Now I add prior understanding about concepts:

“Known Concepts” work transitively, so if Lviv is a city and a city is a place, I understand that Lviv is a some kind of place. So “Known Relations” allows me to judge in ambiguous situations. I just find known relations and prefer them.

Awesome, it all works now. As a warning, I have to tell that I made text parsing specifically for my case, tested on the only one text. Nevertheless, I plan to use it in future in more cases, so it has clear points of extension:
- dictionary, where words claim what speech parts can they be. Unknown words parse as nouns or adjectives. But I can easily add words to the dictionary or even import real dictionary if needed.
- rules. Each of them is pretty separate from others and has a clear human sense. And its clear how rule will embed in whole system (using that attention-based approach I described). So I can add rules easily when needed. For example, It would be nice to add rules for other tenses and verb forms. Now I have only present and past simple and know about gerunds.
- known concepts and relations. They are the most intuitively extended feature possible. Just add to known relations that there can be “dish for meal” and to known concepts that “fish is meal” and you get “dish for fish” recognised. So I can grow database of known concepts.

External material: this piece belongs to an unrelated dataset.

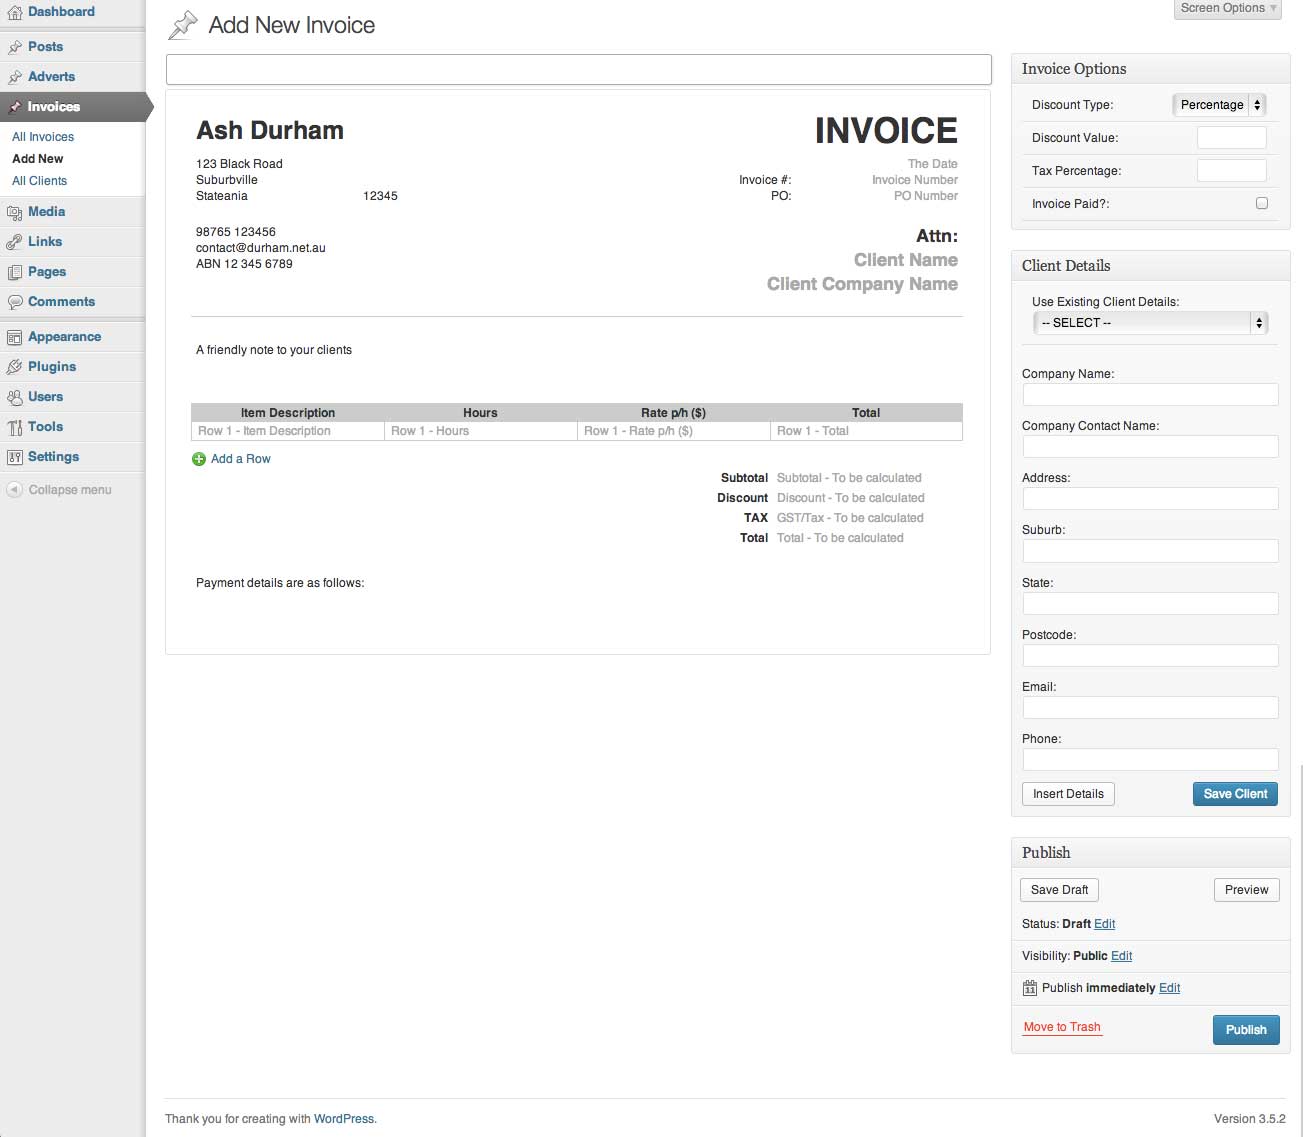 Create new invoice with default data populated from settings

Also possible improvements are to give known rules, concepts and relations some priorities and kickstart learning which priorities give better, faster understanding. With better priorities, backtracking will almost never needed. Its intuitive. When you see some unfamiliar text, you may spend some time looking at it before you recognise what it means grammatically – its your “backtracking” at work. But with familiar text, you almost never put your eyes back – it means your first understanding try completes successfully.
No, I don’t think we actually do simple backtracking subconsciously, I think we do “parallel backtracking” – it means there are different neural circuits exploring different understanding options simultaneously and then most successful circuit suppresses others. This may need neural network architecture, but smart. Not just “neural network hammer” that is popular nowadays – when people just teach neural networks as “black boxes” hoping they can solve complex tasks on their own in their own dark way.
Okay enough with text parsing. It is just a small part of by great plan. Next part is to create mindmap from text.